4. Methodology and workflow
A systematic approach is proposed for integrating GEN AI into geotechnical numerical analysis to generate synthetic datasets. The aim of the proposed methodology is to enable geotechnical practitioners with limited coding experience to develop practical scripts to automate numerical analysis eliminating the dependency on experienced programmers. This methodology includes seven steps, which are explained in the following sections.
4.1 Step 1: define the problem and objectives
The geotechnical problem that requires synthetic datasets and the objectives should be clearly defined. In this study, the geotechnical problem is the prediction of maximum lateral ground displacement induced by excavation in the Sydney sandstone. The objective is to conduct extensive numerical parametric studies changing the excavation geometry in different classes of sandstone and generate large datasets.

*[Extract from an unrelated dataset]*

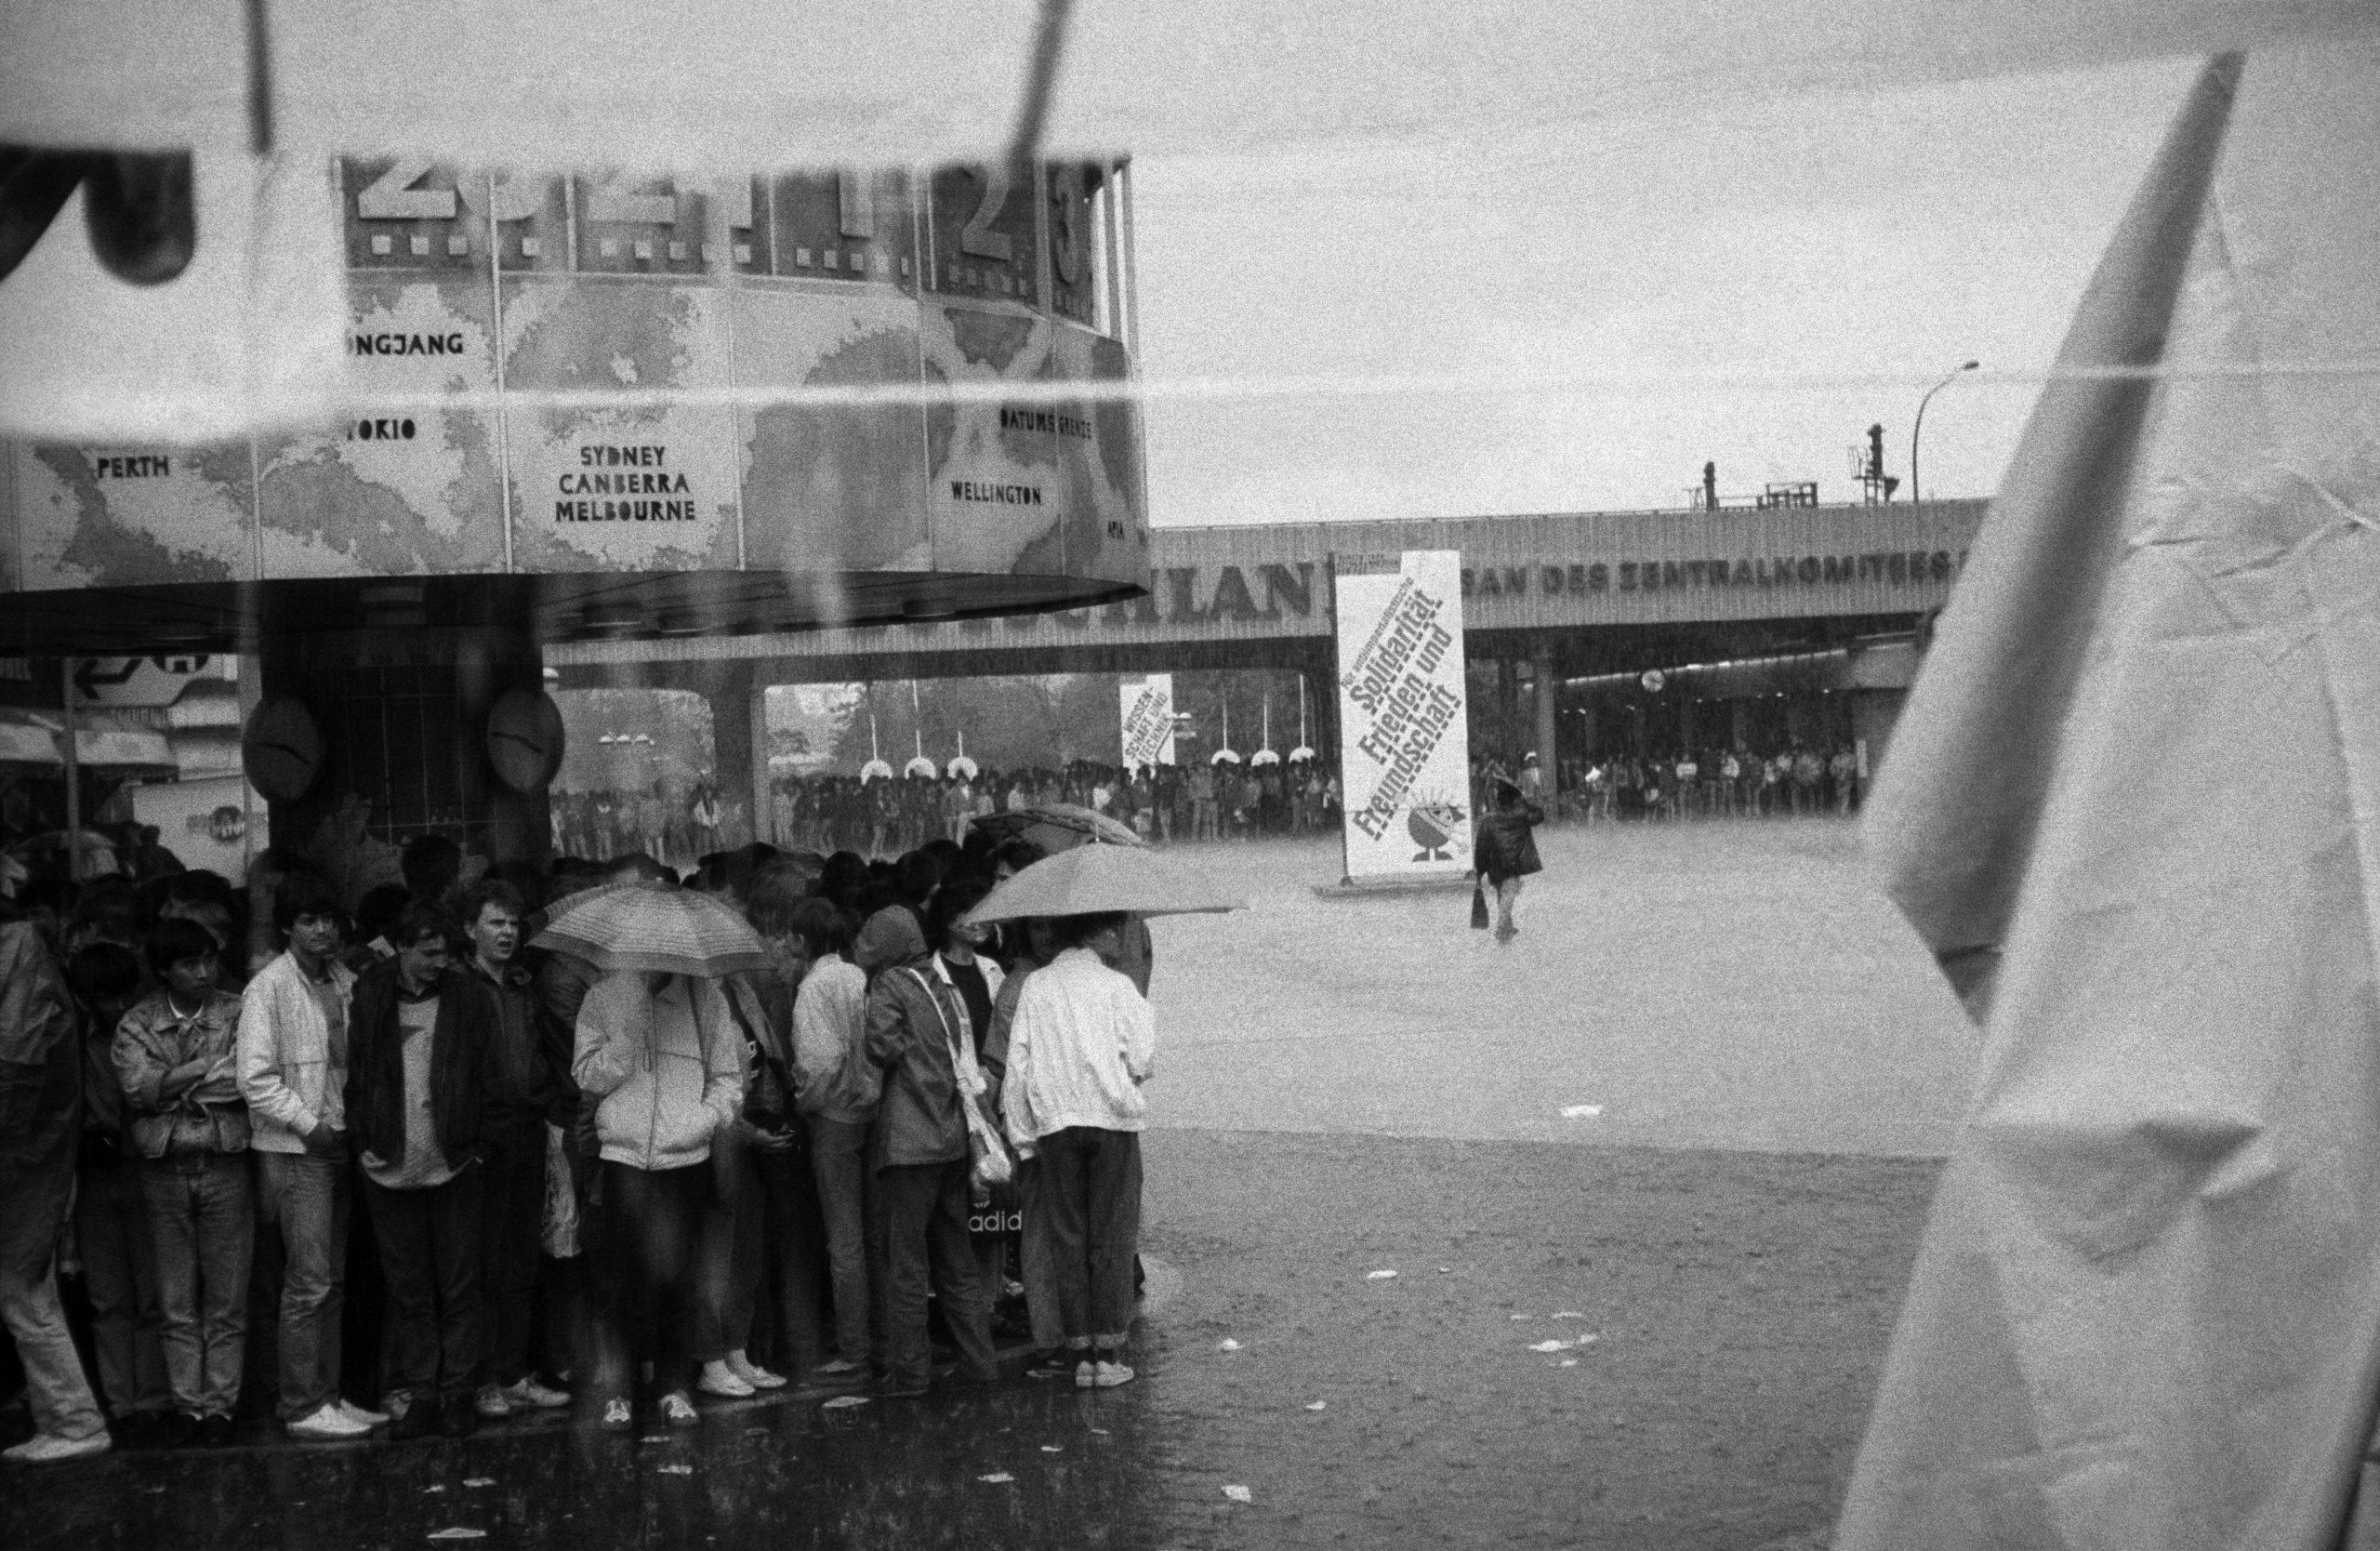 Passanten flüchten vor einem Regenguss unter die Weltzeituhr auf dem Alexanderplatz, Mai 1989. Foto: Imago/Seeliger

4.2 Step 2: select tools for numerical analysis and automation
A reliable software for numerical analysis should be chosen, which supports scripting or automation through a programming language. Additionally, the chosen software and automation tools must be well-supported and dependable. In this study, PLAXIS 2D program and its embedded programming language (i.e. Python) were used to conduct numerical analysis and develop automation scripts, respectively.
4.3 Step 3: in-house training
The in-house training is a crucial stage of this methodology and workflow, forming the core knowledge of numerical automation for geotechnical practitioners. During this stage, practitioners should gain the following knowledge and skills: basics of Python programming (Hamedani, 2020), basics of numerical automation with Python (Seequent, 2024a), knowledge of converting simple numerical commands to Python scripts (Seequent, 2024b), and the ability to run Python scripts in a numerical program’s API (Seequent, 2024c). The author recommends using GEN AI (e.g., ChatGPT) as an assistant to facilitate the learning process. ChatGPT can serve as a personalised tutor, providing real-time explanations and examples, guiding learners through Python code step-by-step, and offering interactive exercises with feedback to enhance understanding.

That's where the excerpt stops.